After that, function Π is extended to E ⊗ F . Let Υ denote the covariance operator associated to Π defined as Υ(ϕ, ψ) = (Ω0 ϕ + Ω0 K ∗ ψ, (Σn + KΩ0 K ∗ )ψ + KΩ0 ϕ), for all (ϕ, ψ) in X × Y. We have already pointed out that a covariance operator need to be trace-class in order to have an Hilbert space-valued random function. The following Lemma shows that Υ and the covariance operator of the predictive distribution Υyy = (Σn + KΩ0 K ∗ ) are trace-class. 8

Lemma 2 The covariance operators Υ and (Σn + KΩ0 K ∗ ) are trace class. In particular, (Σn + KΩ0 K ∗ ) trace class is a necessary condition for Υ being trace class. We then state that the joint probability Π is gaussian. Theorem 1 Let X × Y be a separable Hilbert space endowed with the σ-field E ⊗ F . Under Assumptions 1 and 2, the joint measure Π on (X × Y, E ⊗ F) is Gaussian with mean function mxy = (x0 , Kx0 ) ∈ X × Y and covariance operator Υ such that Υ(ϕ, ψ) = (Ω0 ϕ + Ω0 K ∗ ψ, (Σn + KΩ0 K ∗ )ψ + KΩ0 ϕ), for all (ϕ, ψ) in X × Y. A similar argument will be used to prove that the marginal distribution P of Yˆ on (Y, F) is gaussian. Theorem 2 Let P be a gaussian measure on (Y, F) with mean function my = Kx0 in Y and covariance operator Υyy = Σn + KΩ0 K ∗ . Then, P is the marginal distribution on the Hilbert measurable space (Y, F) of the joint gaussian measure Π defined in Theorem 1. Distribution P is called predictive probability. Summarizing, we started from the inverse problem (2) and we characterized the Bayesian Inverse Problem associated to it by making two distributional assumptions. In the following of the paper we will denote the Bayesian Experiment as: Ξ = (X × Y, E ⊗ F , Π = P x ⊗ µ).

(7)

This Bayesian Experiment constitutes the object of our study and it is now evident how the object analyzed in the Bayesian approach is changed with respect to that one analyzed in the classical approach. The aim will be to determine the inverse decomposition of Π into the marginal P and posterior distribution µF = P(x|Yˆ ). Determination of this distribution raises some problems, in particular, we have to check for the regularity of the Bayesian Experiment, namely for the existence of a transition characterizing the posterior distribution.

2.5

Examples

Functional equation (2) with noisy observation of Y can be encountered in different fields, as we have already discussed in the introduction.
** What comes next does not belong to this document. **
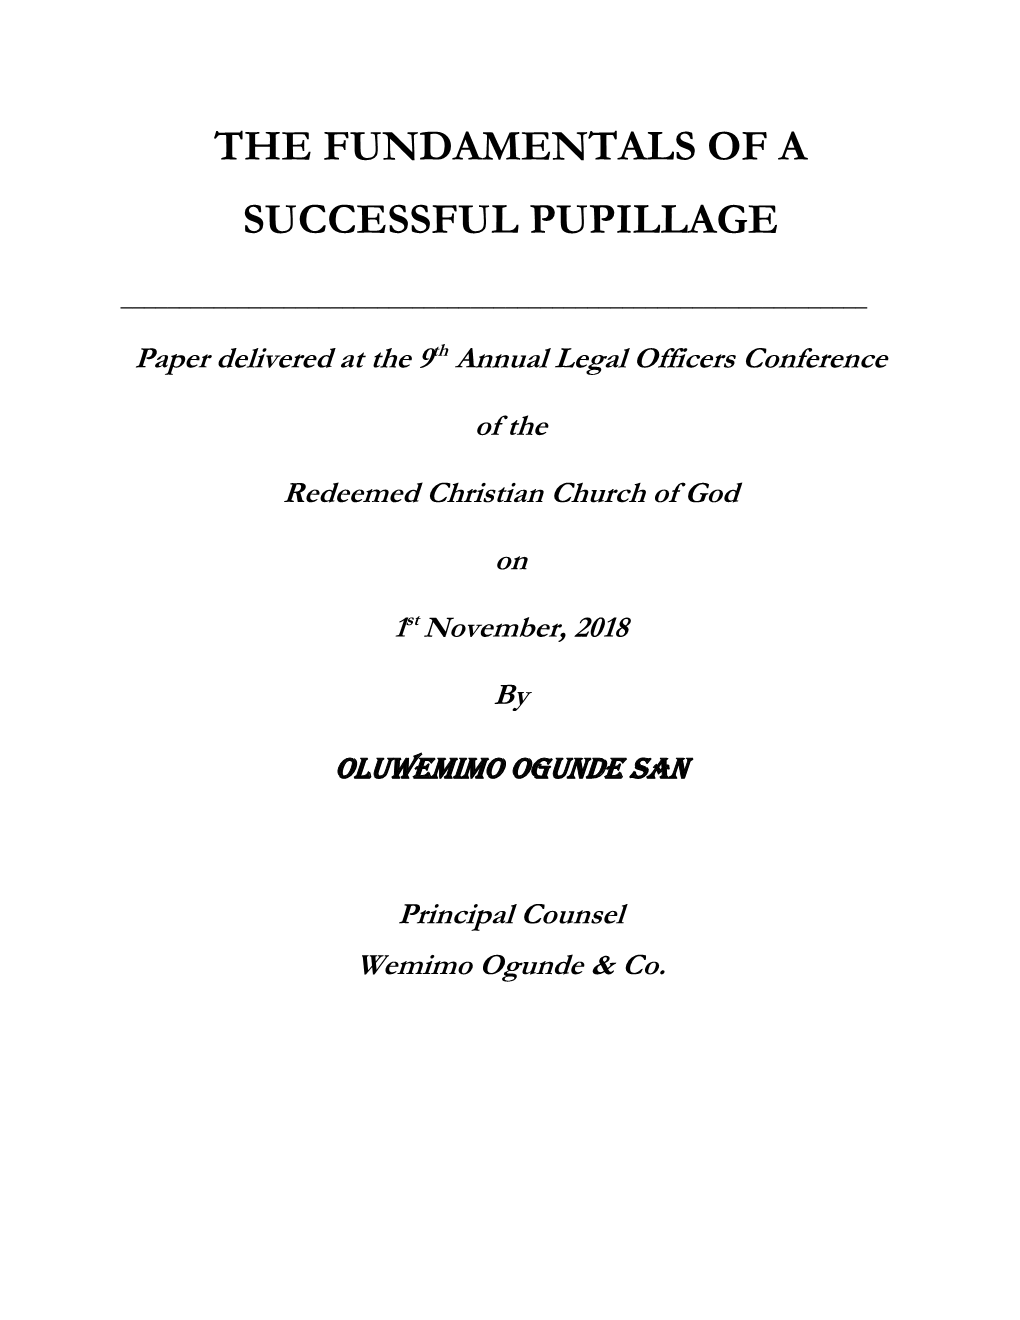 The Fundamentals of a Successful Pupillage

Just for citing a few examples, in digital image analysis, see Chalmond (2003) [7], we have image-type data from which we wish to extract information that is of interest to the user. For instance, if the image is perturbed by an illumination fault, this fault must be removed to provide a more readable image. For a pair of similar images, we wish to estimate the deformation field that transforms one image into the other. An other example is given in tomography, where from radiographic projections of an object, we wish to create a threedimensional reconstruction of the contents of the object. We deal with inverse scattering problems when we wish to determine the support of an inhomogeneous medium from a knowledge of the far field pattern of the scattered field. Applications are given by the problem of detecting leukemia in the human body or by the problem of reconstructing object boundaries in shallow water using sonar data. In cancer therapy, linear inverse problem theory is used to recover functionals which can be used for computing hyperthermia treatment plans. Solving inverse problems is also required with spectral data. Take for instance the example of a two dimensional membrane. The goal is to find properties of the membrane or properties of a force on the membrane. The data are natural frequencies or mode shape measurements. Several other examples of application of linear inverse problems could be provided, but a complete review is beyond the scope of this paper. In this subsection, we just develop some example of application of our model encountered in statistic and econometric field.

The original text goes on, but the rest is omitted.